Wednesday, October 10, 2012

that laundry-soap smell.

as i was reaching my arm into the washer this morning- this is not a horror story, in case you were wondering.

anyway, while reaching, i thought to myself "if i'm supposed to be enjoying the journey and not racing through each day, maybe i should learn to like doing laundry."

so i closed my eyes and breathed in the smell of laundry soap. and instantly i remembered being pregnant.

i remember feeling like a baby factory. and here we are, now, closing that chapter.

eveleen turned one last saturday and has been toddling around. finn walked up to her the other day and complimented, "awe, she's so walky."

when ossi (our second) was born i remember watching a family with 4 and 5 year old kids and thinking, "i can't wait for that! i can't wait until they play together like that!"

behind me as i type i can hear the boys racing from one end to the room to the other, gleefully giggling. liam says, "ossi, for this race you have to have one boot off and one boot on." heaven.

so i smelled the laundry soap and reveled in the cool, damp feeling of the clothes as i tossed them into the drier. i paid close attention to the feel of the machine buttons and i made a game out of loading the washer once more. i let myself become excited at the buzz of the drier's alarm.

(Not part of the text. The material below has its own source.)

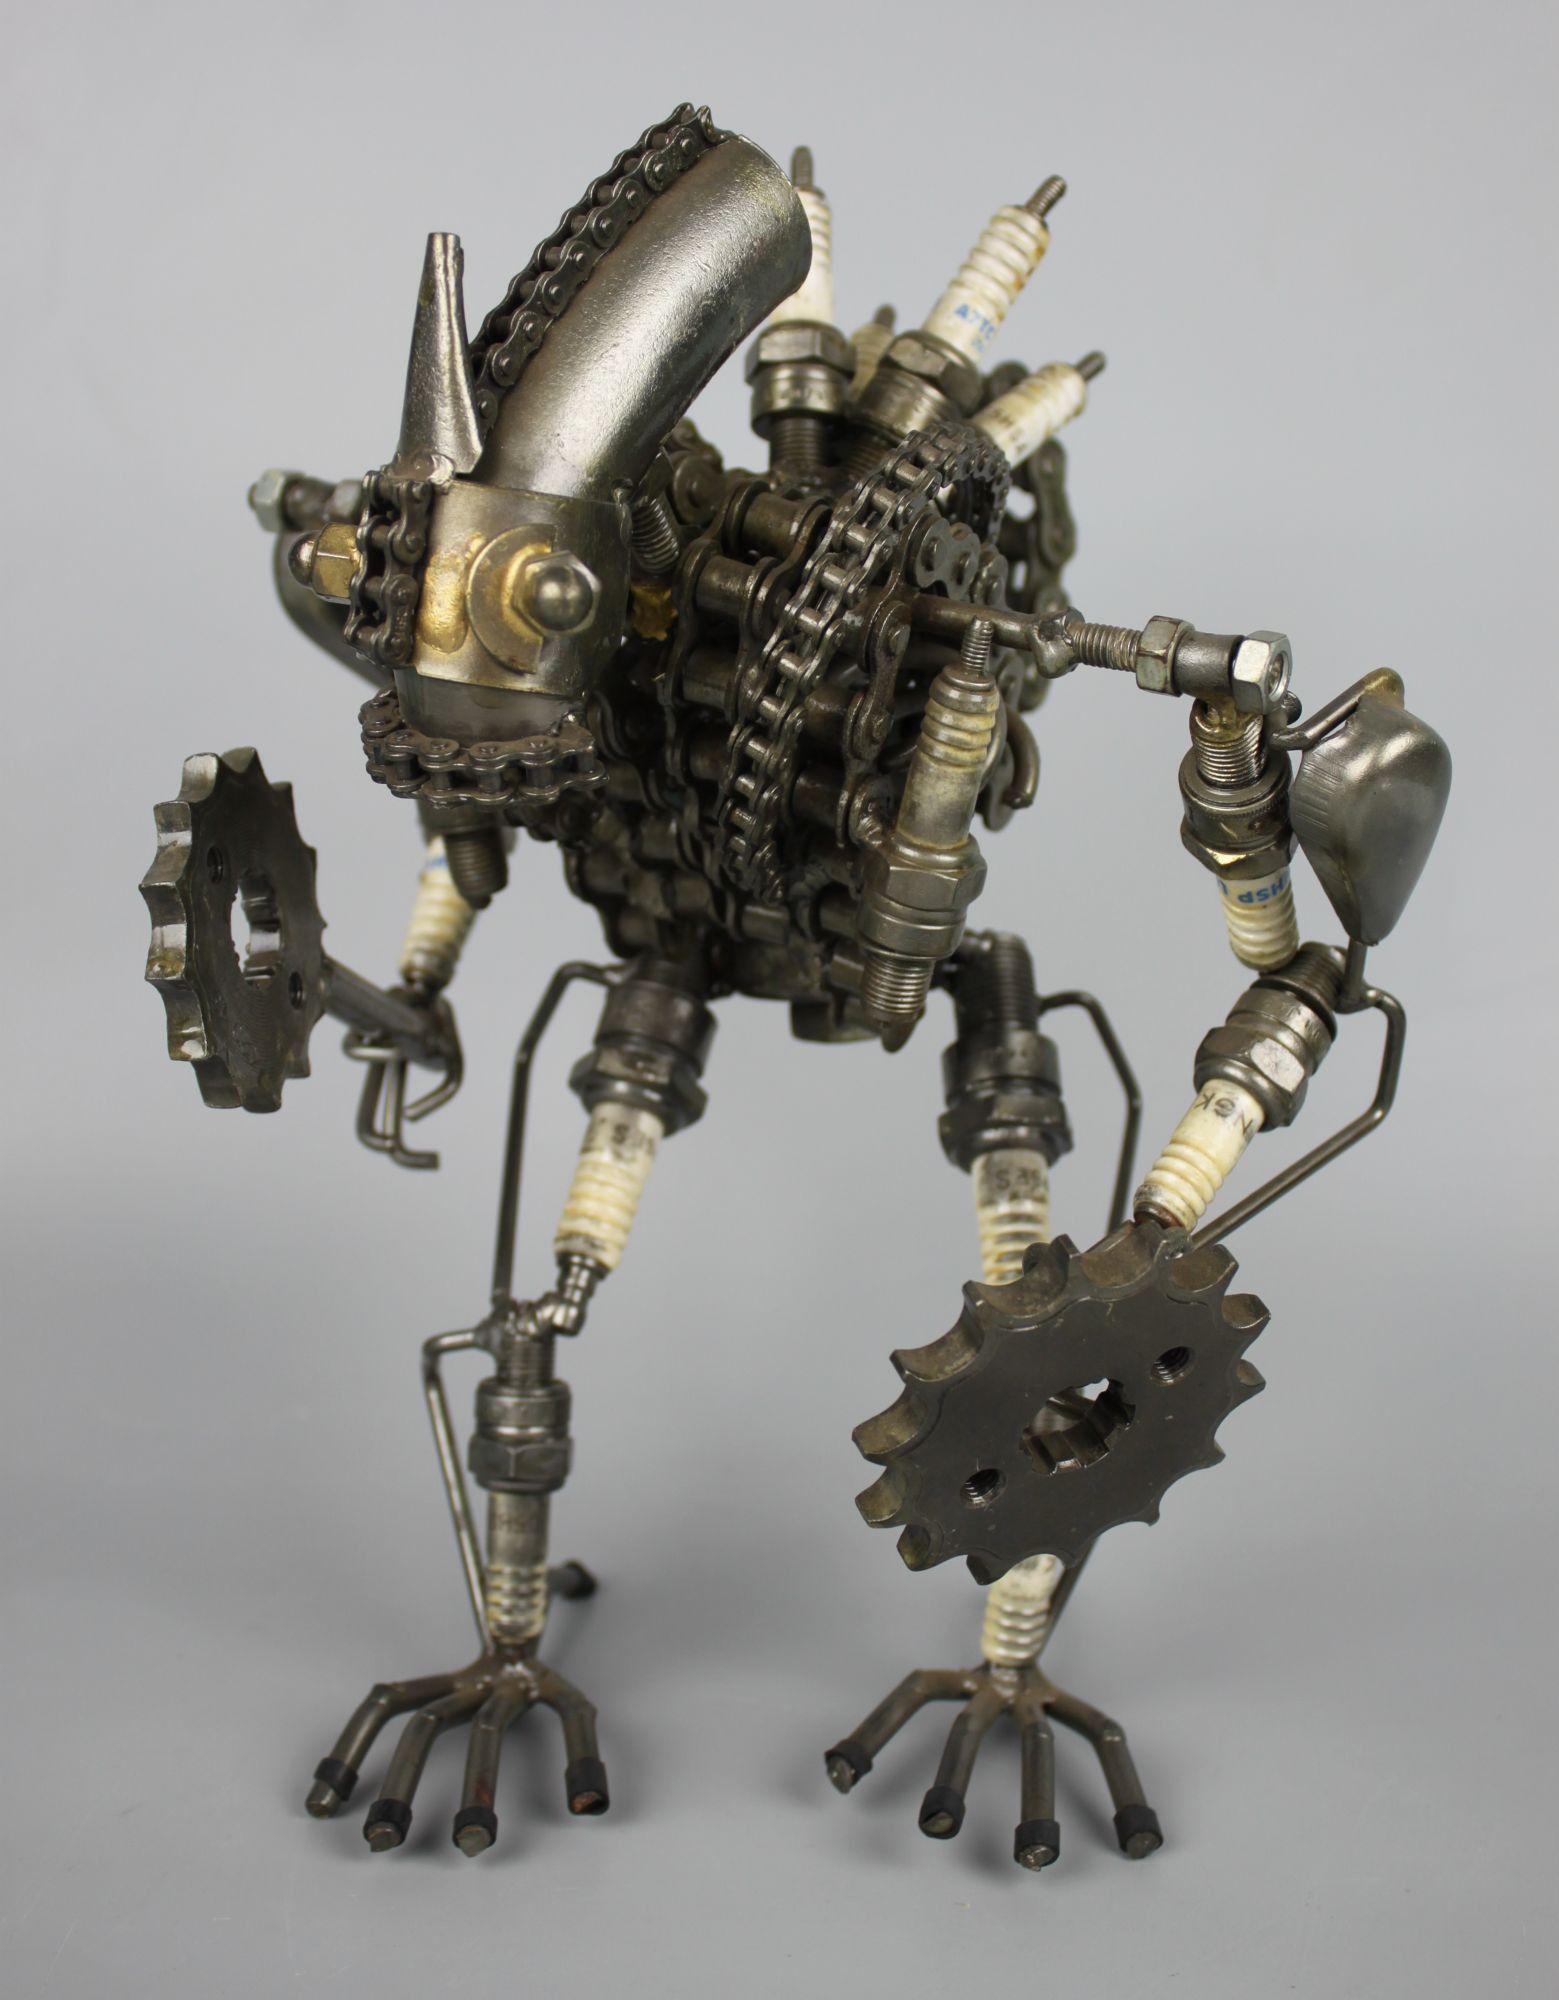 Scrap metal sculpture model recycled handmade art robot

and i celebrated like a madwoman when the laundry was done.

a mother i met through liam's school recently shared some of her story with me. she also had four kids in five years but her youngest is now in first grade. she described a photograph to me that she had framed as a badge of honor:

sitting in bed with messy hair and an old, worn t-shirt. a baby nursing. two kids climbing on her head and another one crying. i bet you can imagine what her face expression may have been. i imagine a cross between, "wow, i am vital to the success of many lives" and "oh bother, i am vital to the success of many lives."

oh, body. i know you have mixed emotions about your purpose from here-on-out.

let me calm you. you may not be creating life, but i promise you i'll let you be valuable. you'll meet weary hands to lift. you'll have mountains to climb. i'll put you to work living our many other dreams.

the laundry may be done for now. so let's get to work on the garden.

4 comments:

Anonymous said...

beautiful, and thank you for this reminder that i can indeed find joy in the journey ...it makes me think of this book a loving friend gave me a few years ago, called the artist's way. it explains how we can find joy in the little things, by counting our steps, breathing, being more aware, smelling the laundry....loved your post, as always
lucie

Anonymous said...

Wise Woman

Anonymous said...

I have been following your blog for a little while now. I love you. You are wise, and thoughtful, and very loving. I hope to someday feel peace with my own body's inability to have any more children. I had to have an emergency hysterectomy to save my life during the birth of our 3rd child. I have felt so lost since then because I always thought we'd have 6 children. Thank you for reminding me that my body can still have purpose. Thank you for reminding me that we can climb! I need to work on reminding myself that so I don't hate what has happened, and so that I can love my body again. Right now it's hard, but I'm trying. Thank you for giving me hope.

Anonymous said...

The cure for dread of doing laundry?